Emir reprimió las ganas de reír, usando de excusa sacar su billetera.
—Sí, planeamos comer el resto en la mañana.
—¿No prefiere que le preparemos otra bandeja de mariscos para llevar intacta?
—ofreció el mesero.
—No, quiero las sobras de nuestra cena—insistió Emir.
—Eh… —Escucha, Amos, solo ve y guarda lo que sobró en una bolsa, ¿qué tan difícil es eso?
¿o tengo que hacerlo yo?
—inquirió Emir y noté que su amabilidad ya estaba siendo forzada.
—No, señor… Emir le envió una mirada severa.
—Es decir, no se preocupe, señor Lovelace, en un segundo le preparo todo.
—No están acostumbrados a guardar las sobras—me explicó.
Seguramente había visto mi expresión contrariada.
—Tal vez no fue buena idea, lo siento—me lamenté.
—Descuida, tu idea es buena, solo que aquí no se acostumbra a hacer eso, pero siempre debe haber una primera vez.
Luego de que Amos nos llevara la comida sobrante, Emir deslizó su tarjeta en la terminal y salimos por la misma puerta en la que entramos.
—¿Qué hora es?
—pregunté.
—Faltan diez minutos para las tres de la madrugada—respondió, echándole un vistazo a su reloj en la muñeca, que parecía ser de oro.
Palidecí.
—Demasiado tarde… —¿Tienes a alguien que te espere en el hotel?
—quiso saber, en tono extraño, sin dejar de mirarme.
—No, pero me da vergüenza llegar a estas horas.
—Eres muy extraña—sonrió—vamos, te llevaré y de camino, veremos si encontramos a quien darle la comida.
No pude estar más de acuerdo.
Lo seguí hasta la salida y vi su coche esperándonos con el chofer detrás del volante, cabeceando.
Abordamos el vehículo y nos dirigimos rumbo a mi hotel.
Me permití abrir la ventana y sentir el exquisito aire helado nocturno de Dublín.
Sentía la mirada de Emir quemándome el cuello, pero no quise voltear a verlo.
Era buena señal de que él me mirara con frecuencia y podía percibir que había atracción mutua, pero no quería estropearlo.
Emir probablemente quería ir lento.
—Ahí hay un señor—dije, señalando a un vagabundo intentando buscar algo en un contenedor de basura.
—Lorenz, detén el auto.
—Pero, señor… —Tengo que entregarle esto a ese señor—le explicó Emir y el chofer frunció el ceño.

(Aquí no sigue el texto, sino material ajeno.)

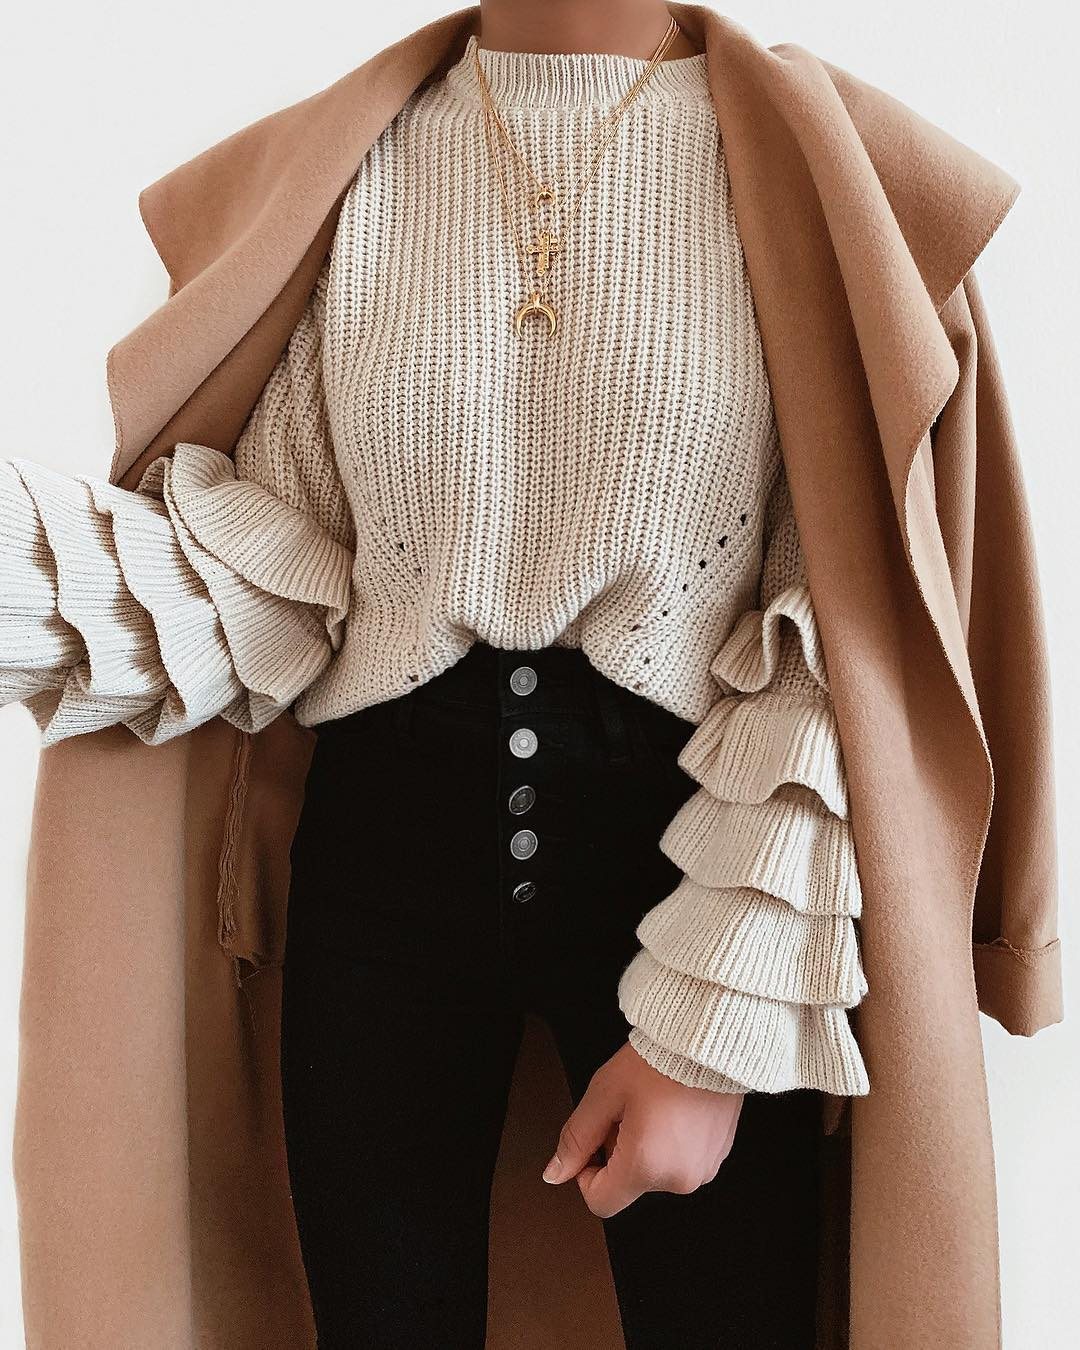 С чем носить бежевый джемпер, свитер и кофты 2019-2020: 15 элегантных образов
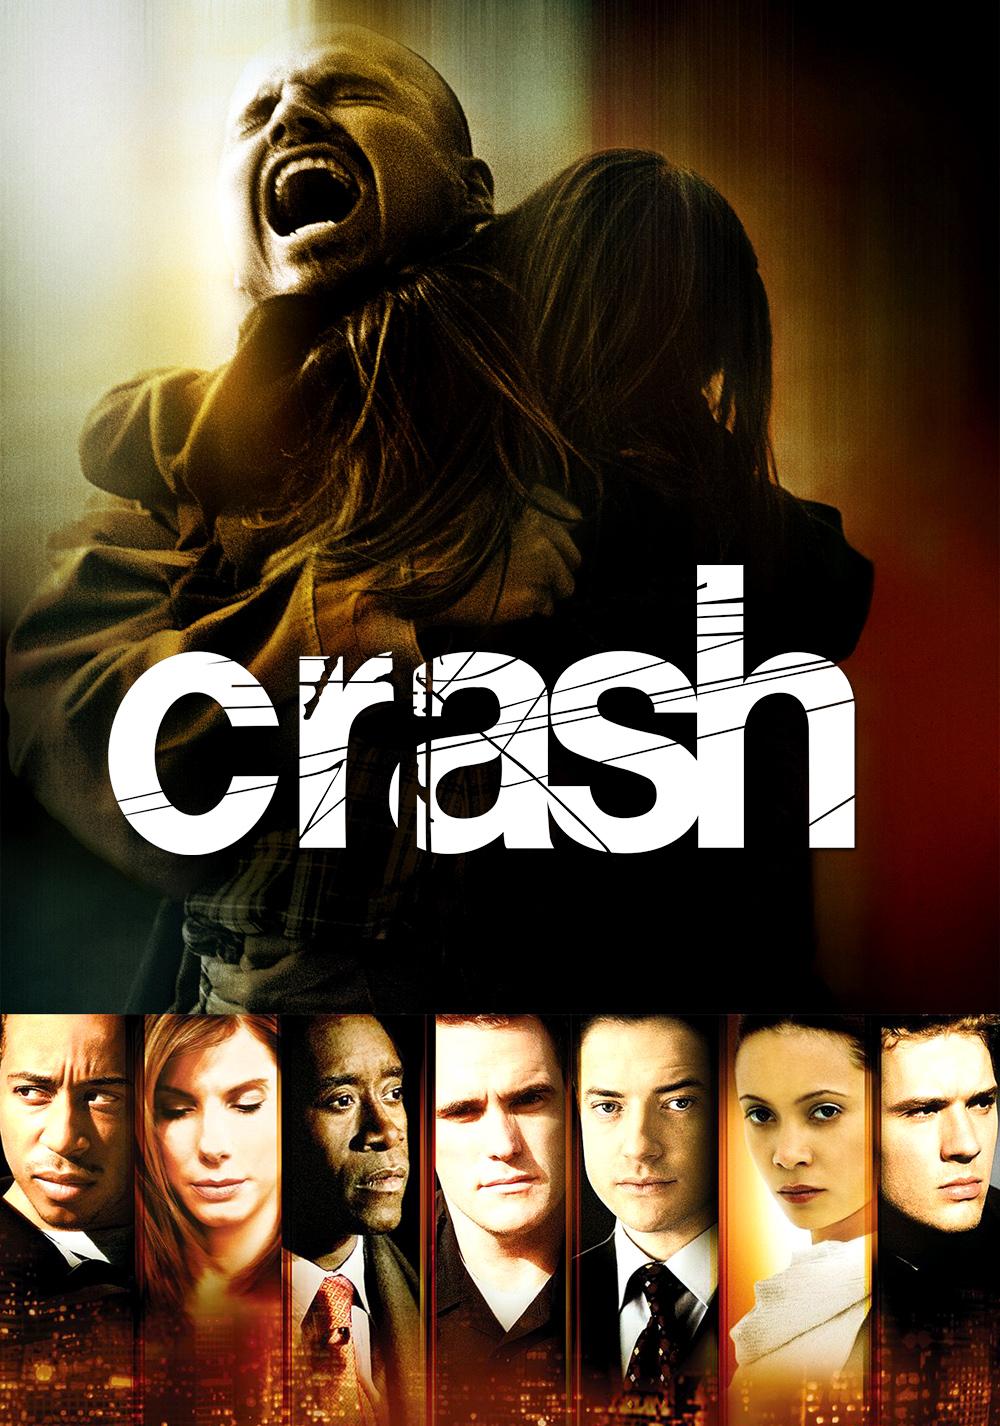 Crash Film

—Lo haré yo, señor Lovelace.
Emir asintió y le entregó la enorme bolsa de comida al chofer.
Los dos observamos como Lorenz se acercaba tímidamente y le daba la bolsa al señor, quien se sobresaltó, pero tras comprender que era una ayuda, sonrió, muy agradecido y volteó a vernos.
—¡Tenga una linda noche, señor!
—exclamé, devolviéndole la sonrisa.
Cuando nos pusimos nuevamente en marcha, vi que Emir sonreía y me ruboricé.
—¿Pasa algo?
—pregunté.
—Para nada, todo está bien—se mordió el labio inferior mientras trataba de no mirarme.